Die Liaison mit Patrick Fischer wurde aber nochmals auf eine harte Probe gestellt. 2016 in Moskau enttäuschte die Mannschaft auf der ganzen Linie. Der elfte Platz bedeutete einen Rückfall in längst vergangen geglaubte Zeiten. Fischer geriet unter starken Druck – und erhielt von seinem Vorgesetzten einen eher antizyklischen Treuebeweis: Vertragsverlängerung um zwei Jahre. Heute meint Raffainer dazu: «Ich spürte, dass wir auf dem richtigen Weg sind. Die Mannschaft krankte aber an einem extremen Ungleichgewicht zwischen Offensive und Defensive.» Also stellte er dem offensiven Freigeist Fischer in der Form des früheren schwedischen Weltklasseverteidigers Tommy Albelin quasi ein defensives Gewissen zur Seite. Es sollte ein Geniestreich gewesen sein. Mit Albelin, Weltmeister 1997 und zweifacher Stanley-Cup-Sieger, fanden die Schweizer die Balance wieder, blieben in der Vorrunde der WM 2017 zweimal ohne Gegentreffer und stiessen als Gruppenzweiter souverän ins Viertelfinale vor. Dort scheiterten sie an Schweden.

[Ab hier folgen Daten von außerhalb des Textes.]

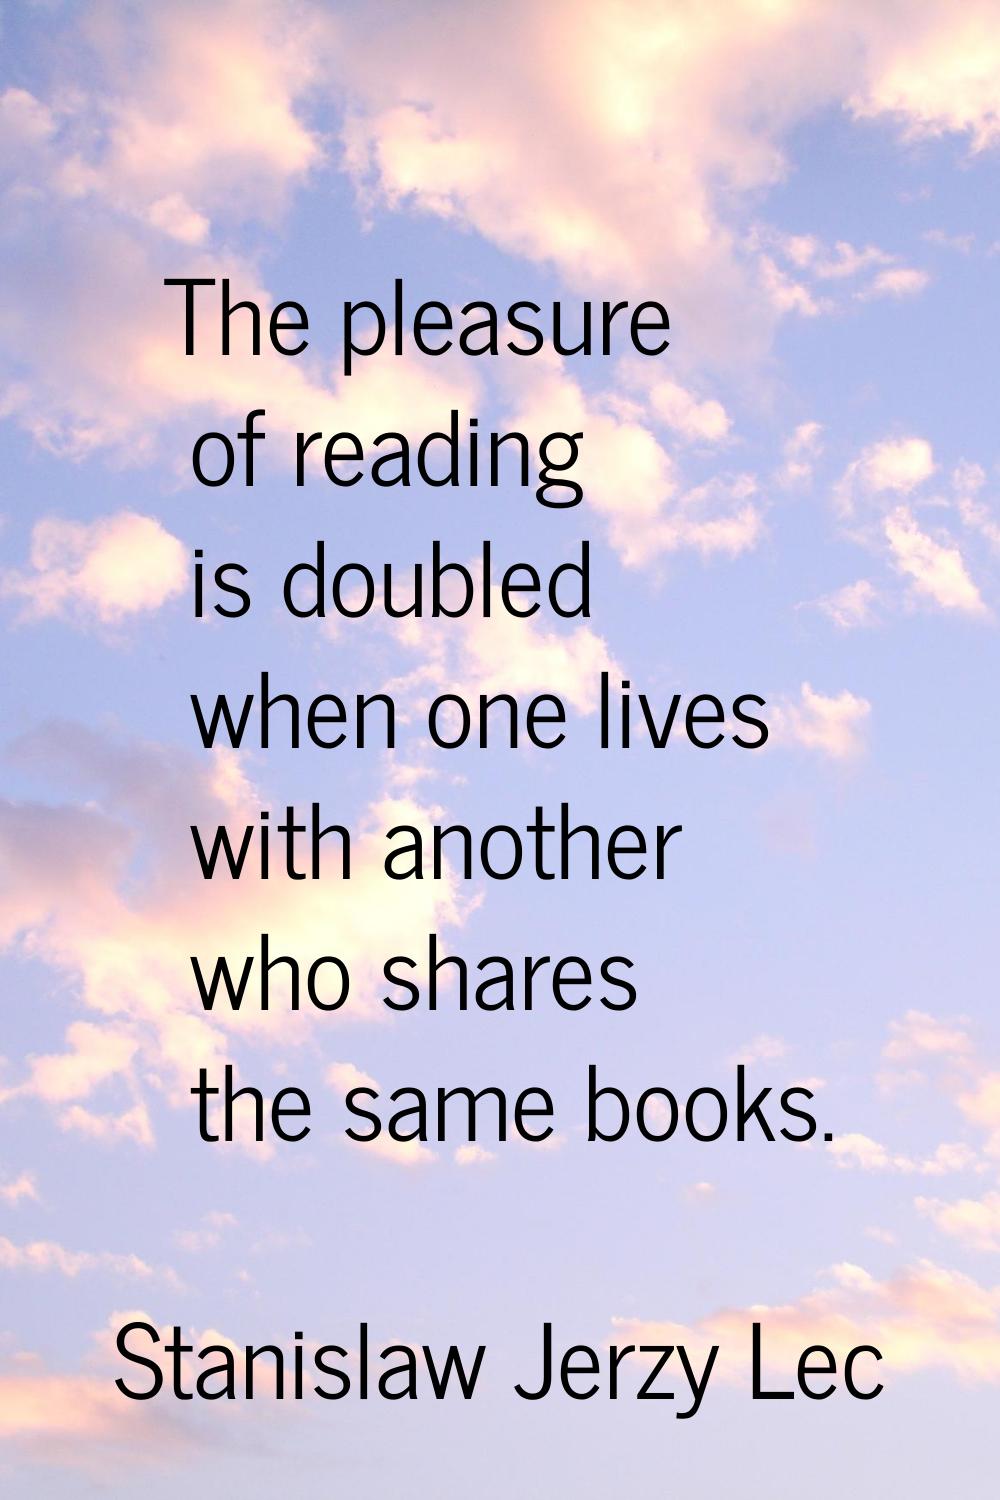 The pleasure of reading is doubled when one lives with another who shares the same books.
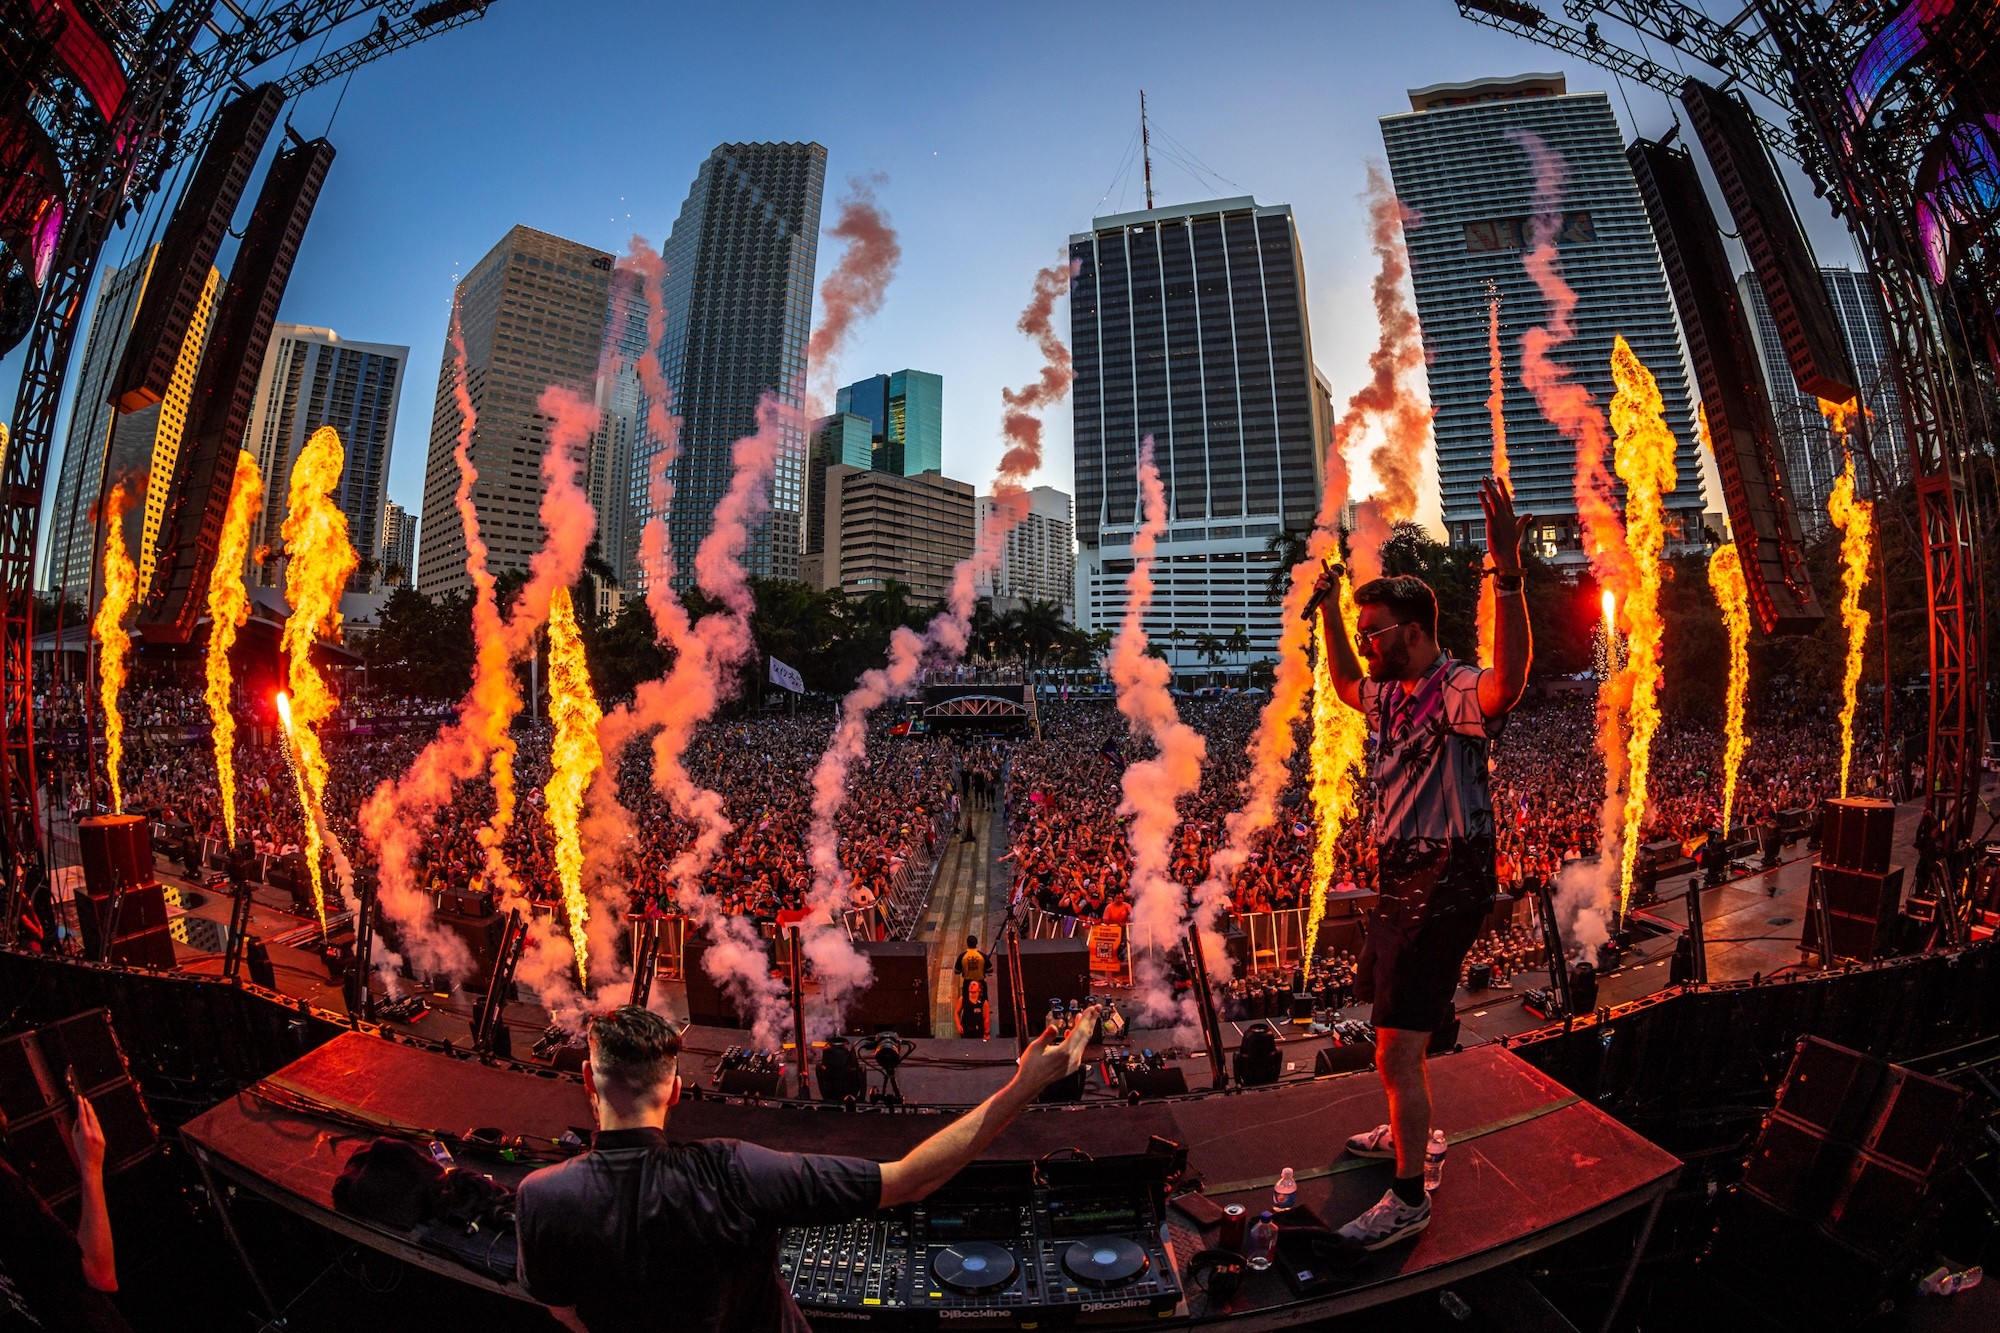 Miami's Ultra Music Festival Cuts Day One Short Due to Severe Weather

Apropos Schweden. Zwölf Monate später war es erneut der elffache Weltmeister, der die Schweiz in die Sommerferien verabschiedete – diesmal aber zum spätestmöglichen Zeitpunkt – im WM-Finale von Kopenhagen nach Verlängerung und Penaltyschiessen. Auf die Frage, ob er noch von jenem Spiel träume, antwortet Raeto
Raffainer: «Vor allem vom Direktschuss von Kevin Fiala in der Verlängerung. Müsste ich einen Spieler in diesem Moment für diese Szene auswählen, würde ich immer Kevin nehmen – mit seinen Abschlussqualitäten und der Erfahrung aus der schwedischen Liga. Doch an jenem Abend waren die Eishockeygötter gegen uns.»
Im Hinblick auf die kommenden Monate warnt Raffainer, der heute als Chief Sport Officer beim SC Bern engagiert ist, vor übertriebenen Erwartungen: «Die Schweiz hat alle Qualitäten, um an grossen Turnieren weit zu kommen. Aber gerade die WM 2018 zeigte uns, wie schmal der Grat ist.» Während Finnland im Viertelfinal gegen Schweden in der zweitletzten Minute 3:4 im Rückstand lag, das Ausscheiden in extremis mit sechs Feldspielern abwendete und danach bis zum WM-Titel stürmte, kassierten die Schweizer im Viertelfinal gegen Kanada den Ausgleichstreffer 0,4 Sekunden vor Schluss. Raffainer weiss genau: Um dorthin zu kommen, wo das Team im Mai 2013 und 2018 stand, muss alles zusammenpassen. Und er kennt auch das Rezept für den persönlichen Erfolg. Im vergangenen September schaffte er die Wahl ins Council des Internationalen Eishockeyverbandes. Es war sportpolitisch sein bisher grösster Sieg – aber kaum sein letzter. Nicht wenige trauen es dem früheren Ersatzspieler der GCK Lions zu, dereinst sogar das Präsidentenamt übernehmen zu können. Es wäre eine der speziellsten und schönsten Geschichten, die das Schweizer Eishockey je geschrieben hat.